Выбрать главу
Когда-нибудь в пылу азарта взовьюсь я ведьмой из трубы и перепутаю все карты твоей блистательной судьбы! —

пишет она. Я не знаю, может быть, эти стихи обращены и не к Рубцову, но даже если это и так, это ничего не меняет. Все творчество Дербиной — вот оно посрамление неумеренной гордыни! — только материал к его биографии, смерть Рубцова выжжена на всем, что бы ни делала она, и даже если и хотелось Дербиной кому-то другому адресовать свои стихи, все равно они получаются о Рубцове.

Спутать карты и жизненной и посмертной судьбы Рубцова Дербиной, разумеется, не удалось и никогда не удастся, потому что не на цыганкиных картах раскладывалась судьба величайшего русского поэта… Но насчет стремления спутать судьбу Дербина права. Стремление было.

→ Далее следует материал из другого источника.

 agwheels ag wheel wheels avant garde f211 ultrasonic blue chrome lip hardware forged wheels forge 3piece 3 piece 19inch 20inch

Поскольку речь у нас дальше пойдет о том, что в полуатеистическом обществе принято именовать мистикой, мы будем строго придерживаться фактов.

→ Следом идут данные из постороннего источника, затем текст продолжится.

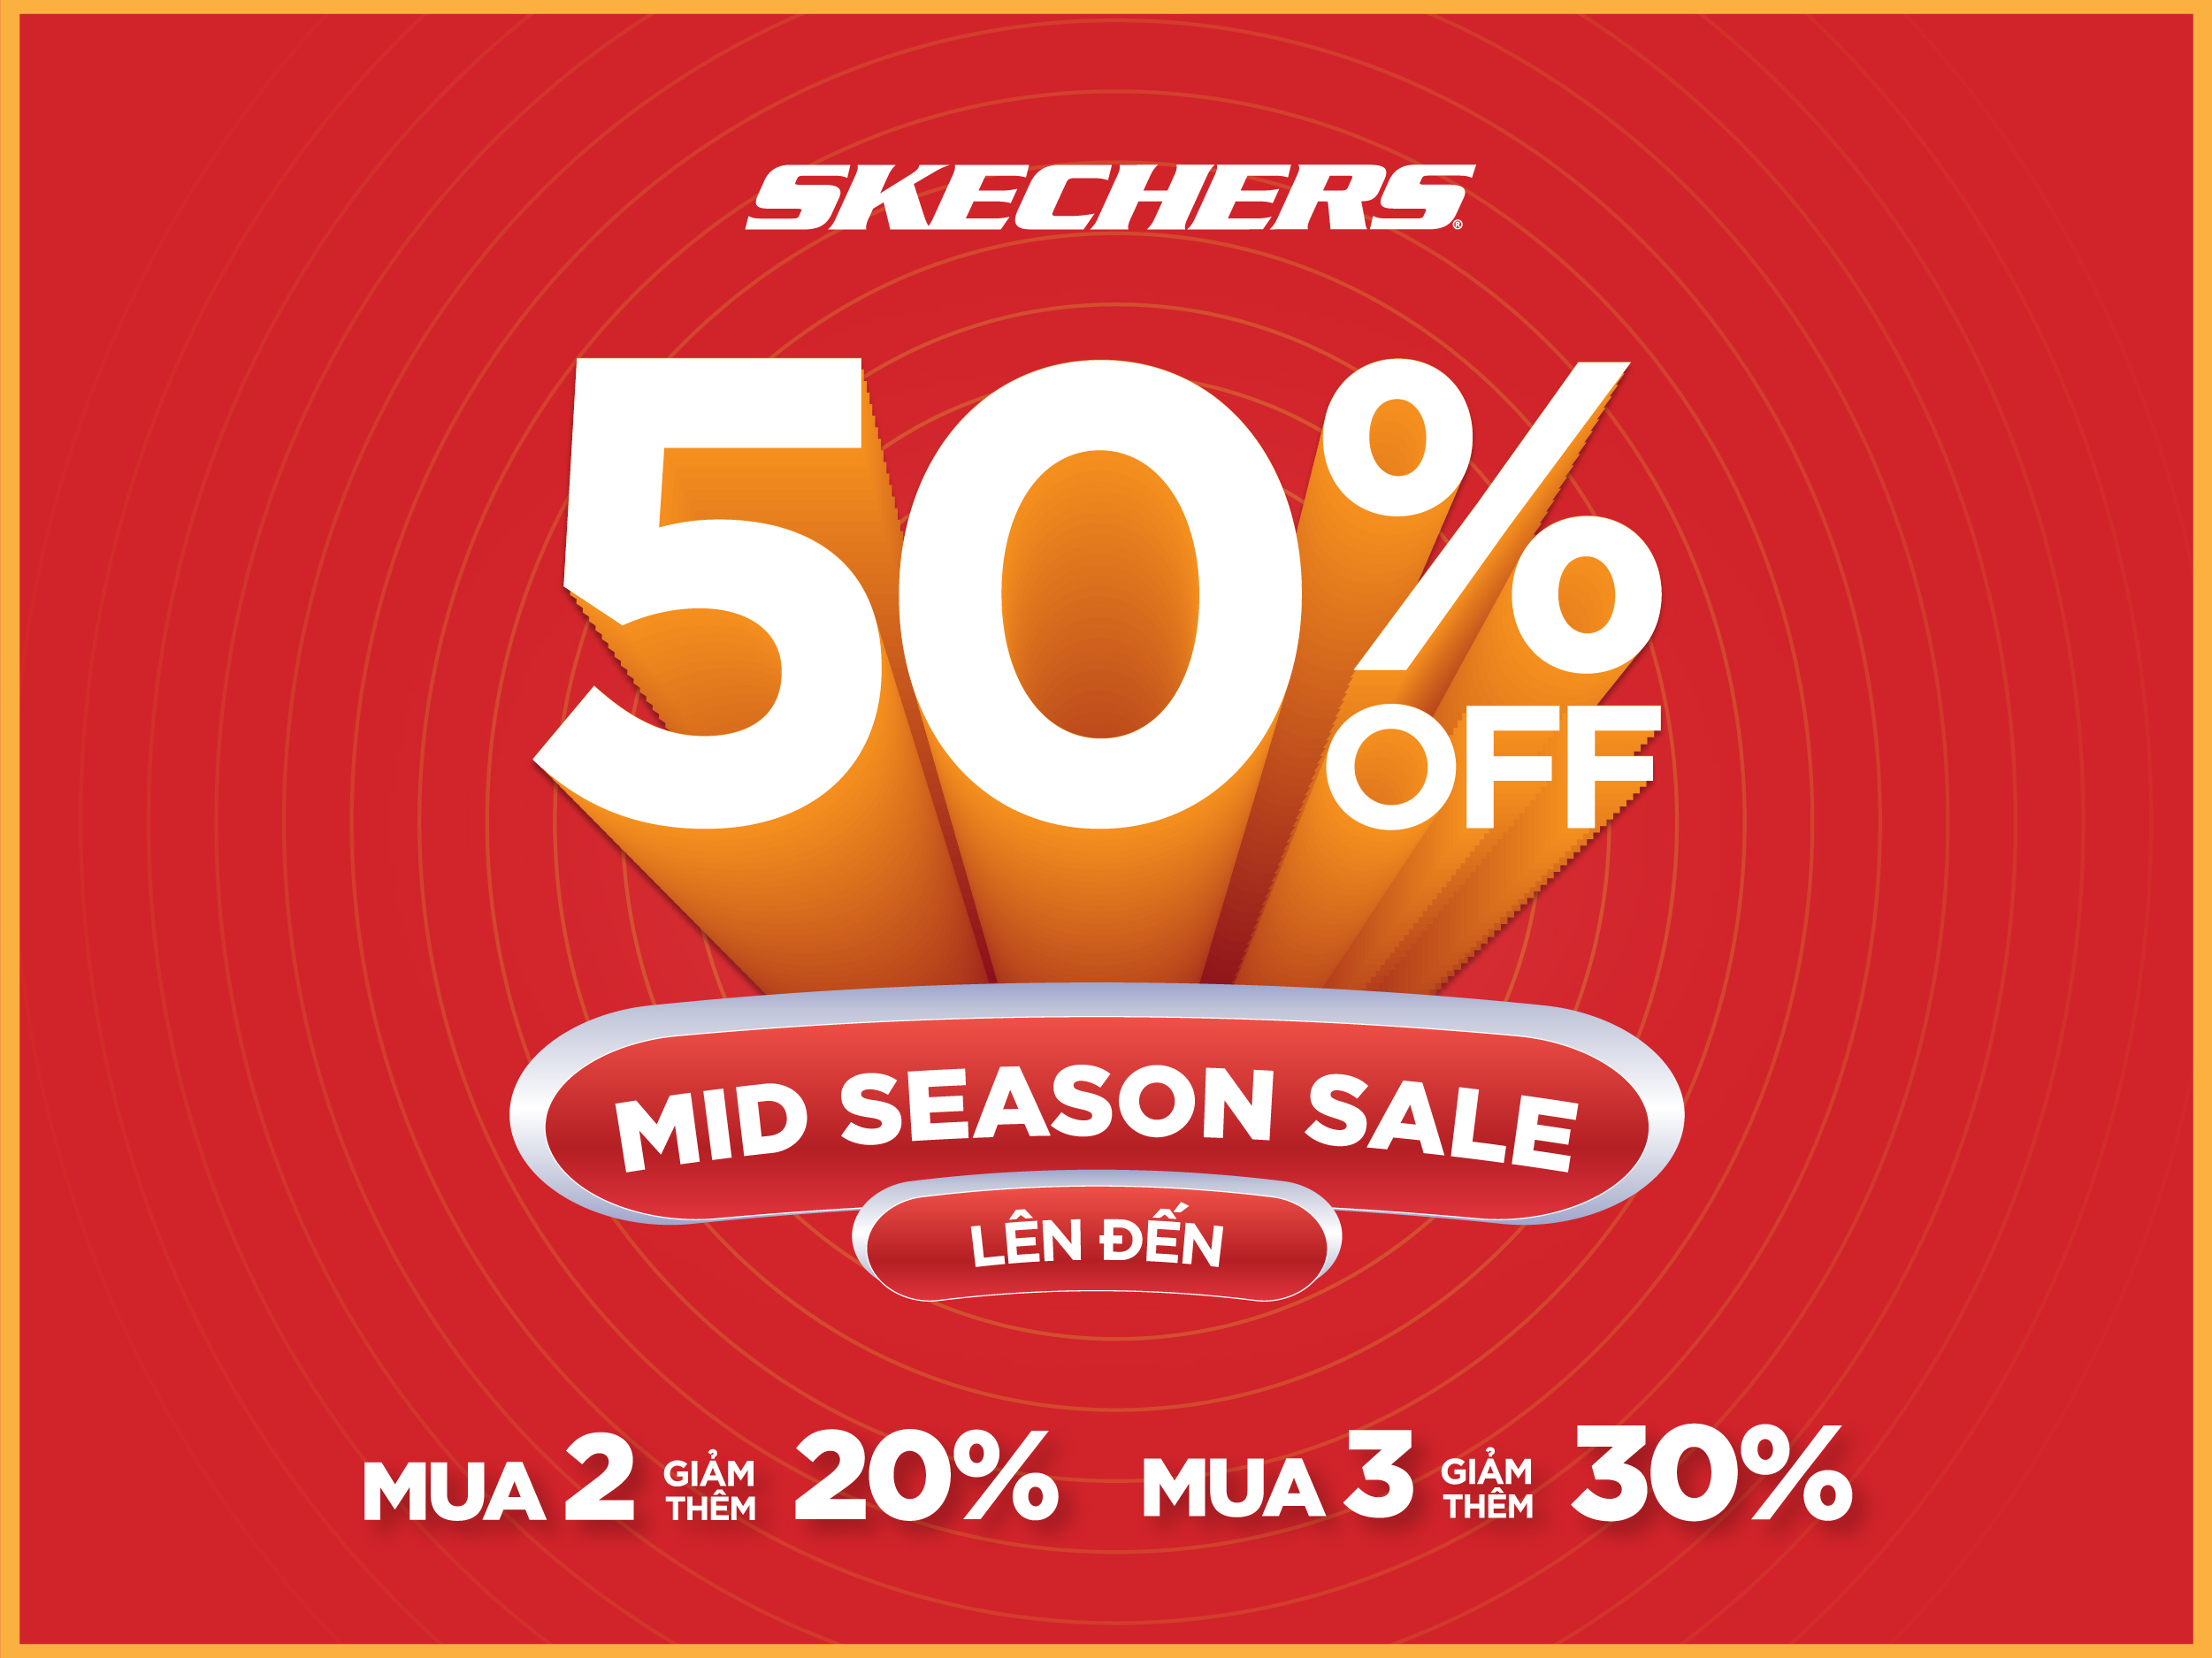 skechers ưu đãi 50%

20 апреля 1963 года родилась Лена, дочка Рубцова и Генриетты Михайловны Меньшиковой. Лену Николай Михайлович всегда любил, никогда не забывал, всегда желал ей только счастья. «Желаю тебе вырасти хорошей и счастливой», — написал он на книжке Василия Белова, подаренной дочери на день рождения. Лена для Николая Михайловича всегда была светлым лучиком в многотрудной жизни. Лену ожидал Николай Михайлович и на свой последний Новый год. Но тогда Генриетта Михайловна не смогла привезти дочь — замело метелью дороги, и не удалось выбраться из Николы. Так и осталась ненаряженной приготовленная для дочери елка. А спустя две недели Рубцова убили.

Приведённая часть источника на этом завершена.